4 ways to streamline your healthcare claims processing workflow with automation
Apr 08, 2022 by Automation Hero
Healthcare claims processing workflows are some of the most difficult for insurance companies. On top of complying with stringent regulations and assessing the validity of claims, there’s the added pressure that some of this work has life-and-death stakes.
The challenges are complicated by the fact that workers are prone to error, especially when completing repetitive and mundane tasks in healthcare claim processing workflows. According to 2020 research by the Centers for Medicare and Medicaid services, Medicare had an average 6.27% error rate for claims processing, to the tune of $25.74 billion in improper payments.
Controlling these spiraling costs is one reason automation is essential for insurers.
The technology minimizes potential for human error, improves overall accuracy, reduces labor costs, speeds up claim processing times, and even improves customer experience. To enjoy these benefits, insurance companies simply need to restructure their operations.
How to automate your healthcare claims processing workflow
The entire claims processing workflow is easy to break down into five steps that can be automated.
1. Digitize health records and forms
Fully digitizing documents is the most efficient way to streamline data management and speed up claims processing. All paper forms will eventually get input into an electronic database, so organizations should seek to eliminate them wherever possible. This alone saves countless hours on manual data entry.
Intelligent document processing (IDP) solutions can use AI to quickly recognize and categorize information on every claim document, helping workers process each one more quickly. Additionally, for organizations that can’t completely eliminate paper, optical character recognition (OCR) technology can quickly convert scanned files into editable text to eliminate much cumbersome data entry.
2. Verifying Identity and insurance
The first step of any healthcare claims processing workflow is verifying that it’s for an existing customer. Without automation technology, workers have to review each claim form and manually search for patient names, policy numbers, and other identifying information in their database.
Intelligent document processing solutions integrate with any database for ultrafast validation. AI can match patient names on documents to customer information in their database without the need for manual review. The programs also automatically flag errors or information inconsistent with their database.

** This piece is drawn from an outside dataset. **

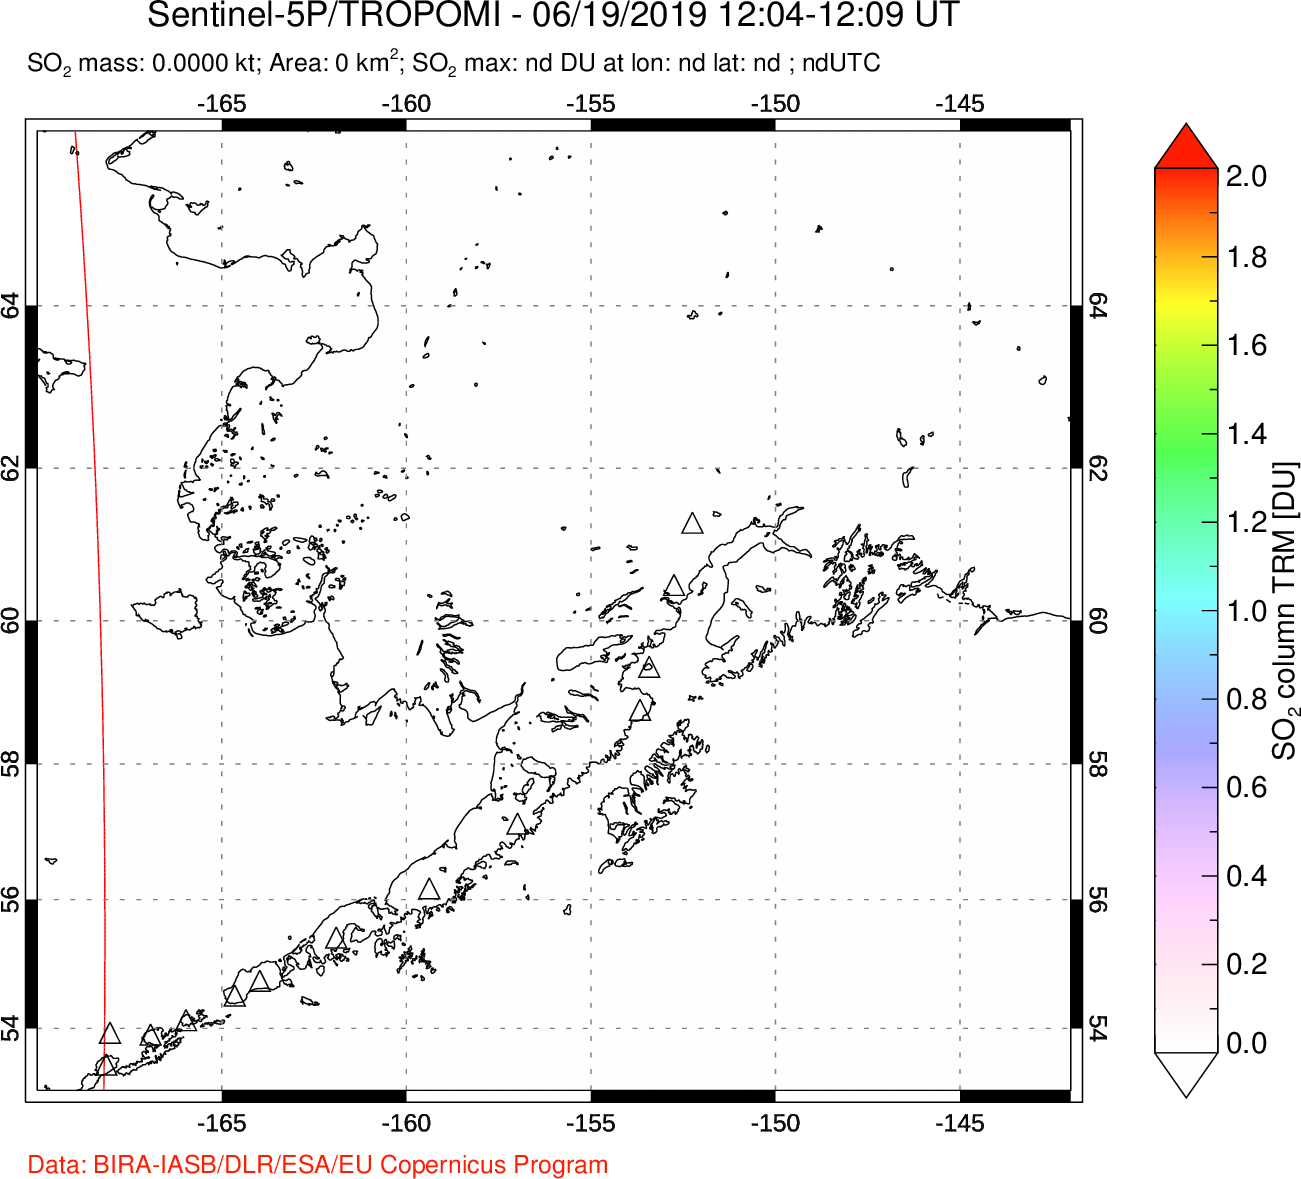 A sulfur dioxide image over Alaska, USA on Jun 19, 2019.

When workers only have to review issues instead of every single submitted claim form, processing time speeds up drastically, shortening turnaround time and increasing customer satisfaction.
3. Managing online claims
With digitized medical records and claims, it’s easy to distribute information wherever it needs to go. Workers can access each record in the database and perform the tasks that fall under their role, from initial claim intake and investigation to final payment disbursement. Once they complete their work, intelligent document processing systems can notify the next employee in the workflow.
Eliminating paper from these processes saves time and effort and minimizes the potential for information leaks. Plus, users can also program IDP systems to follow HIPAA regulations around how information is stored and shared.
4. Update claim status in real time
Digital recordkeeping doesn’t just streamline communication between claims processing personnel — it can improve communication with customers as well. In the same way IDP systems push notifications to workers, they can share status information in real time with online portals, so both patients and providers can log in to see if a claim has been paid yet. All of this information auto-populates on online portals, saving both customers and insurance providers the hassle of phone calls or emails requesting updates.
Healthcare claims processing workflows are some of the most complicated in the insurance industry, but automation helps make them more manageable. In the increasingly competitive marketplace, it’s the best way to improve accuracy and profitability. Implementing the technology isn’t just a win for the insurance company but also for customers who benefit from faster processing times and more accessible status updates.